Slightly annoying when your job requires getting stuff in and out of the van often several times per job.

So I dug in and started working on replacing the damaged cable ends. The exterior handle was the only one broken badly enough to no longer be properly functioning, but once I had everything apart, I found that three out of the four cable ends were broken, not just one. Gratefully, I had plenty of cable repair ends, so I was able to replace all four cable ends with the metal ones that don’t break.

It wasn’t easy, though. 😅

Unlike the simple repair of the cable ends that I did on my own van yesterday, I had forgotten how challenging the replacement of the cables was on that particular door. Technically, it’s not crazy challenging. There are only a handful of steps that need to be taken to fix it, but in actual practicality, it’s kind of a nightmare.

I was reminded of the day that I spent repairing the cable ends on my own van down by the creek last Summer. I think I spent something like 3 or 4 hours on that door trying to get it all put back together properly.

Absolute pain in the butt.

I was smarter this time, taking a picture of how everything went before I took it apart.
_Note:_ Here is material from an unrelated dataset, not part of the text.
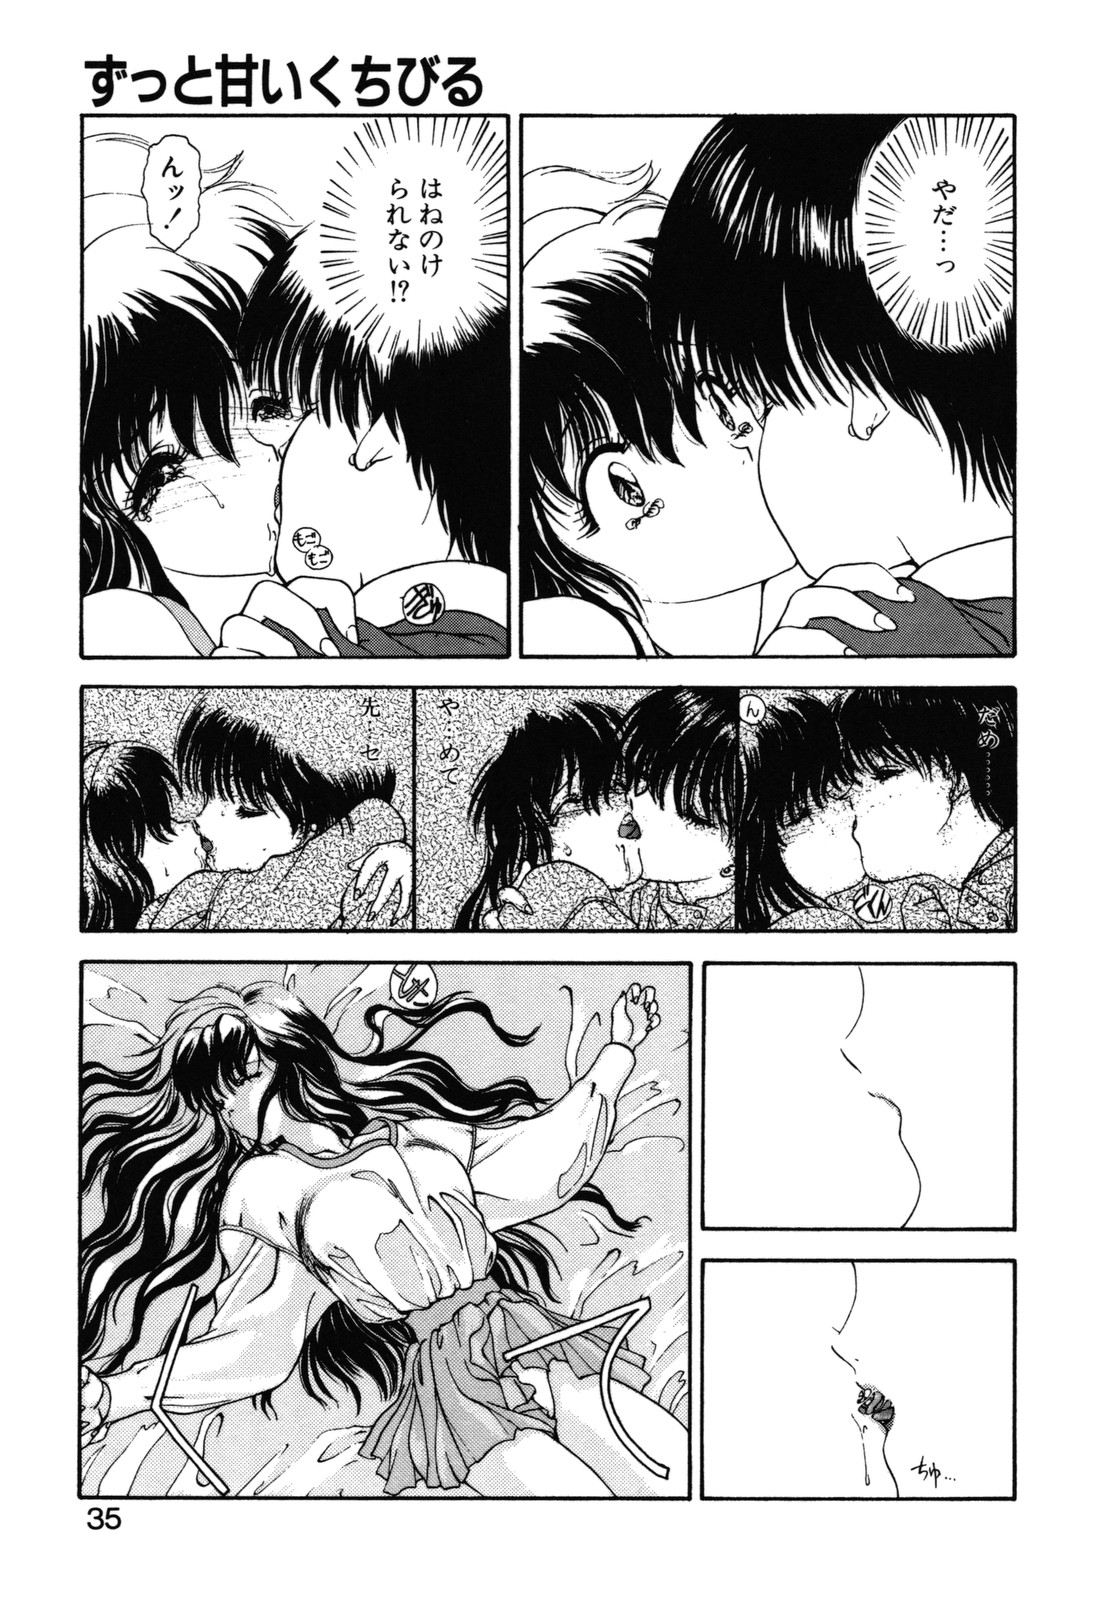 [Utatane Hiroyuki] COUNT DOWN page 36 full
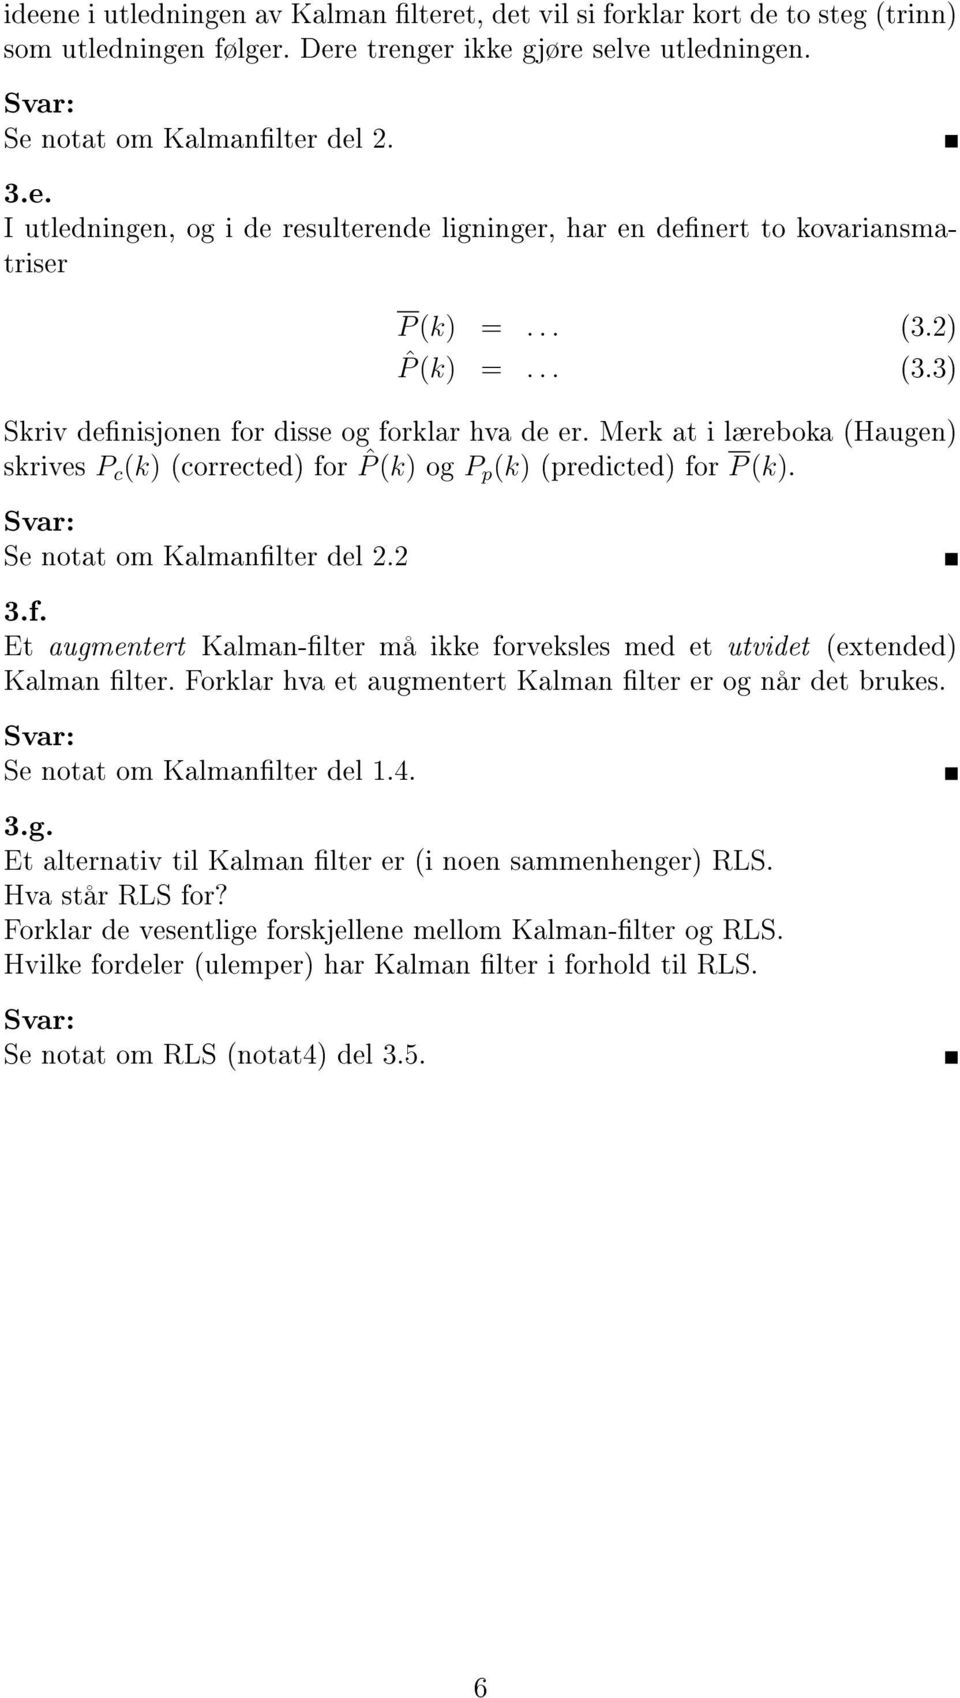 2 3.f. Et augmentert Kalman-lter må ikke forveksles me et utviet (extene) Kalman lter. Forklar hva et augmentert Kalman lter er og når et brukes. Se notat om Kalmanlter el 1.4. 3.g. Et alternativ til Kalman lter er (i noen sammenhenger) RLS.

I remember last time getting myself all confused about how I took stuff out and put stuff back together because I hadn’t taken a picture, and there are all sorts of rods and cables and whatnot, and I didn’t want to mess up getting them back in the same places they were before disassembly.

What I didn’t anticipate this time was how ridiculously hard it was going to be to get the cable ends to slot back into the mechanisms that are inside the door frame.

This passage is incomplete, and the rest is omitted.